Night and Morning, Complete






CHAPTER IV.

“Ros. Happily, he’s the second time come to them.”—Hamlet.

It was the evening after that in which the conversations recorded in our last chapter were held;—evening in the quiet suburb of H———. The desertion and silence of the metropolis in September had extended to its neighbouring hamlets;—a village in the heart of the country could scarcely have seemed more still; the lamps were lighted, many of the shops already closed, a few of the sober couples and retired spinsters of the place might, here and there, be seen slowly wandering homeward after their evening walk: two or three dogs, in spite of the prohibitions of the magistrates placarded on the walls,—(manifestoes which threatened with death the dogs, and predicted more than ordinary madness to the public,)—were playing in the main road, disturbed from time to time as the slow coach, plying between the city and the suburb, crawled along the thoroughfare, or as the brisk mails whirled rapidly by, announced by the cloudy dust and the guard’s lively horn. Gradually even these evidences of life ceased—the saunterers disappeared, the mails had passed, the dogs gave place to the later and more stealthy perambulations of their feline successors “who love the moon.” At unfrequent intervals, the more important shops—the linen-drapers’, the chemists’, and the gin-palace—still poured out across the shadowy road their streams of light from windows yet unclosed: but with these exceptions, the business of the place stood still.

At this time there emerged from a milliner’s house (shop, to outward appearance, it was not, evincing its gentility and its degree above the Capelocracy, to use a certain classical neologism, by a brass plate on an oak door, whereon was graven, “Miss Semper, Milliner and Dressmaker, from Madame Devy,”)—at this time, I say, and from this house there emerged the light and graceful form of a young female. She held in her left hand a little basket, of the contents of which (for it was empty) she had apparently just disposed; and, as she stepped across the road, the lamplight fell on a face in the first bloom of youth, and characterised by an expression of childlike innocence and candour. It was a face regularly and exquisitely lovely, yet something there was in the aspect that saddened you; you knew not why, for it was not sad itself; on the contrary, the lips smiled and the eyes sparkled. As she now glided along the shadowy street with a light, quick step, a man, who had hitherto been concealed by the portico of an attorney’s house, advanced stealthily, and followed her at a little distance. Unconscious that she was dogged, and seemingly fearless of all danger, the girl went lightly on, swinging her basket playfully to and fro, and chaunting, in a low but musical tone, some verses that seemed rather to belong to the nursery than to that age which the fair singer had attained.

As she came to an angle which the main street formed with a lane, narrow and partially lighted, a policeman, stationed there, looked hard at her, and then touched his hat with an air of respect, in which there seemed also a little of compassion.

“Good night to you,” said the girl, passing him, and with a frank, gay tone.

“Shall I attend you home, Miss?” said the man.

“What for? I am very well!” answered the young woman, with an accent and look of innocent surprise.

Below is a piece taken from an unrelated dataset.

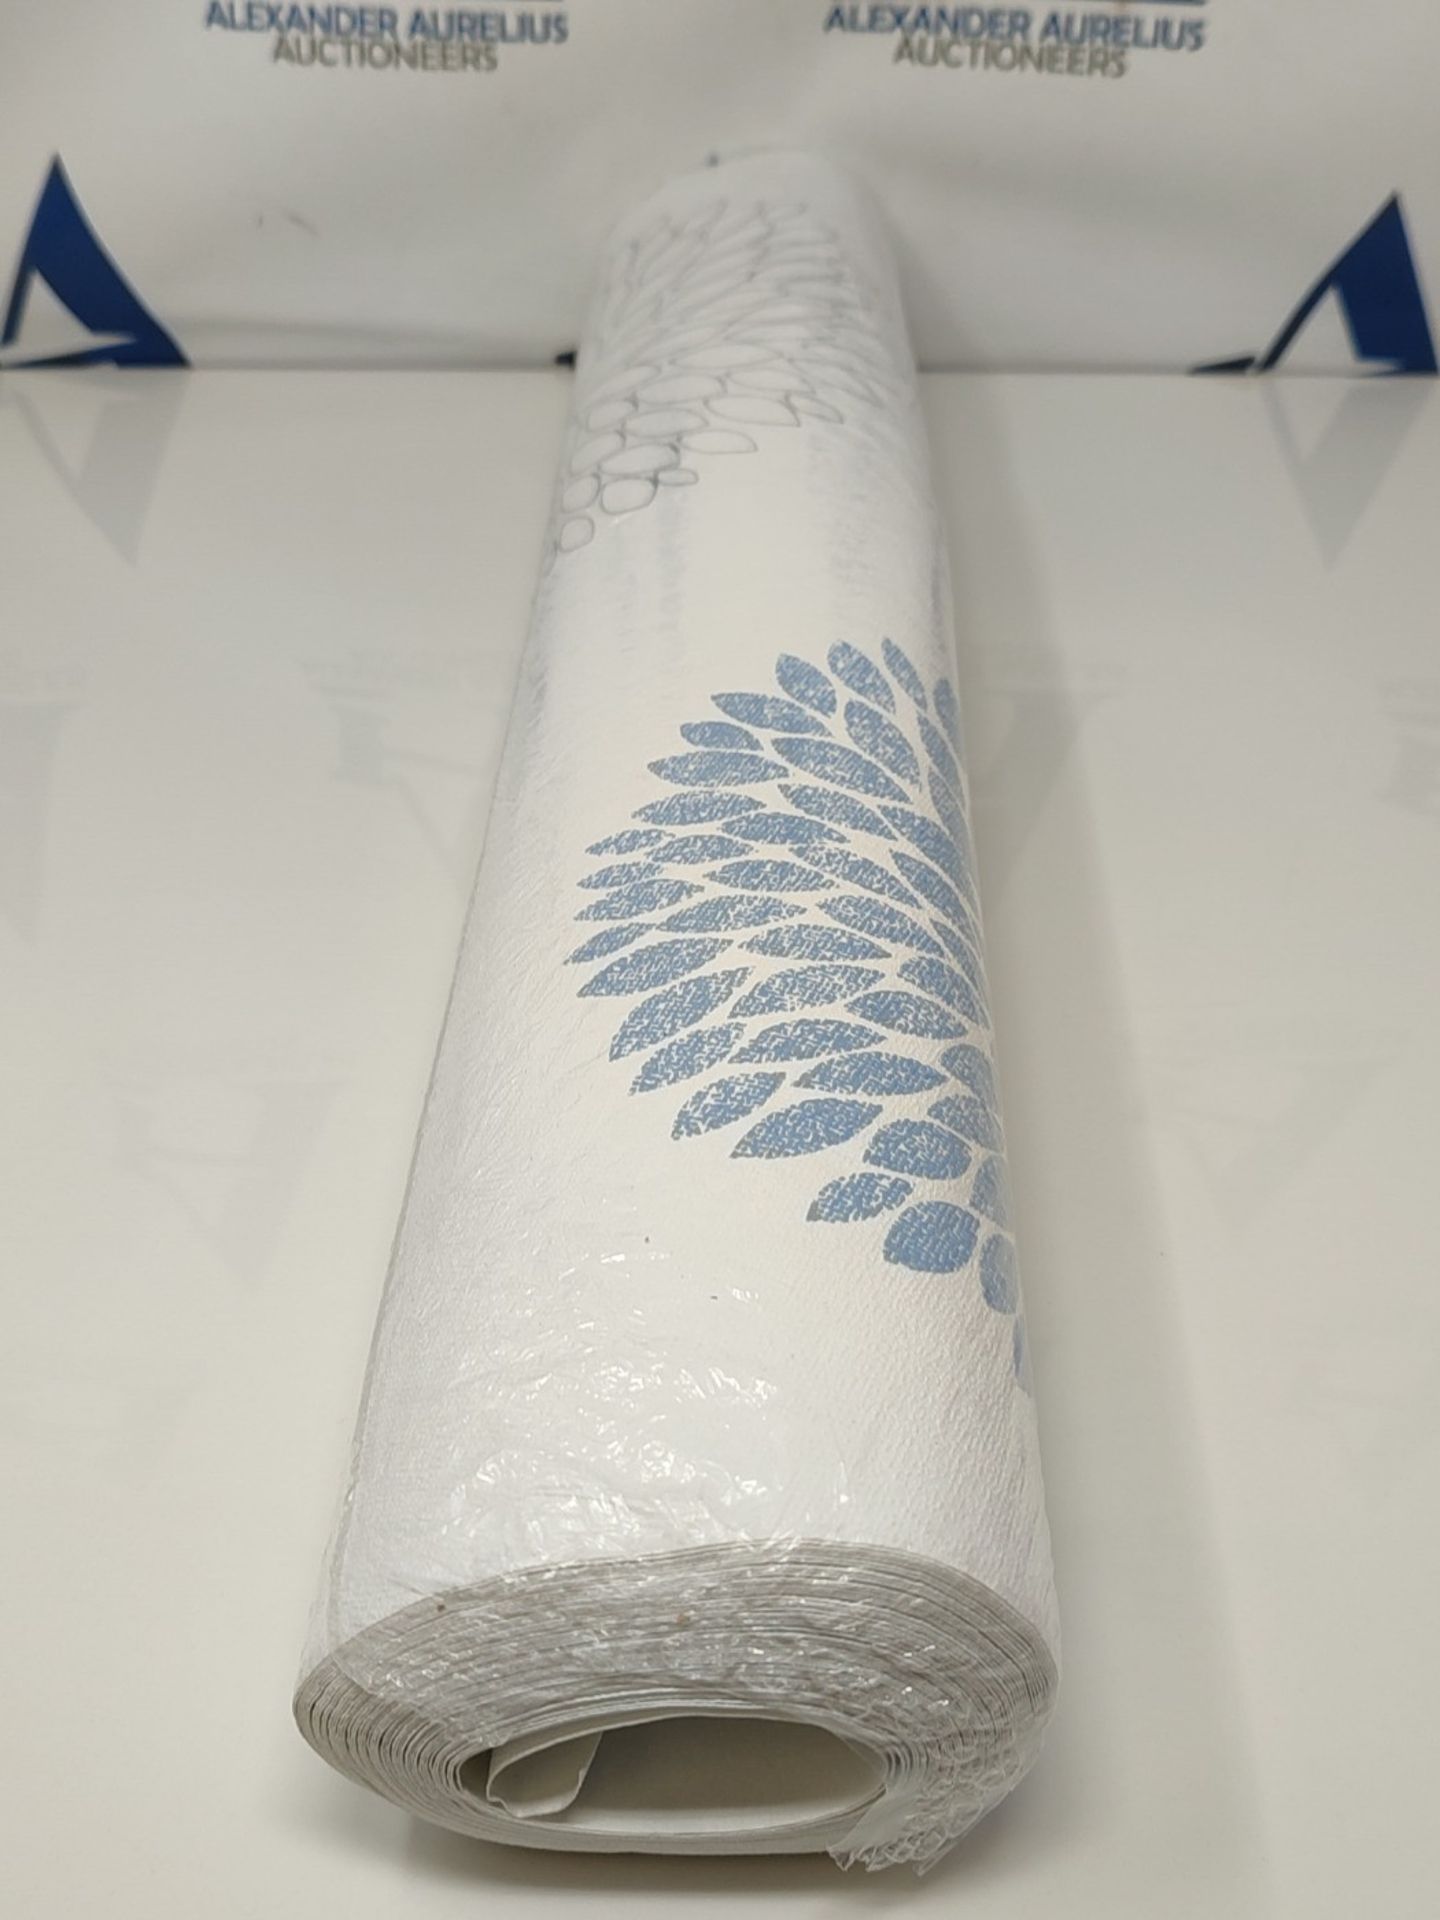 Floral Wallpaper Blooming Non-Woven Wallpaper 10.05 m x 0.53 m Blue Grey White Made in - Image 2 of 2

Just at this time the man, who had hitherto followed her, gained the spot, and turned down the lane.

“Yes,” replied the policeman; “but it is getting dark, Miss.”

“So it is every night when I walk home, unless there’s a moon.—Good-bye.—The moon,” she repeated to herself, as she walked on, “I used to be afraid of the moon when I was a little child;” and then, after a pause, she murmured, in a low chaunt:

        “‘The moon she is a wandering ghost,
        That walks in penance nightly;
        How sad she is, that wandering moon,
        For all she shines so brightly!

        “‘I watched her eyes when I was young,
        Until they turned my brain,
        And now I often weep to think
        ‘Twill ne’er be right again.’”
 

As the murmur of these words died at a distance down the lane in which the girl had disappeared, the policeman, who had paused to listen, shook his head mournfully, and said, while he moved on,—

“Poor thing! they should not let her always go about by herself; and yet, who would harm her?”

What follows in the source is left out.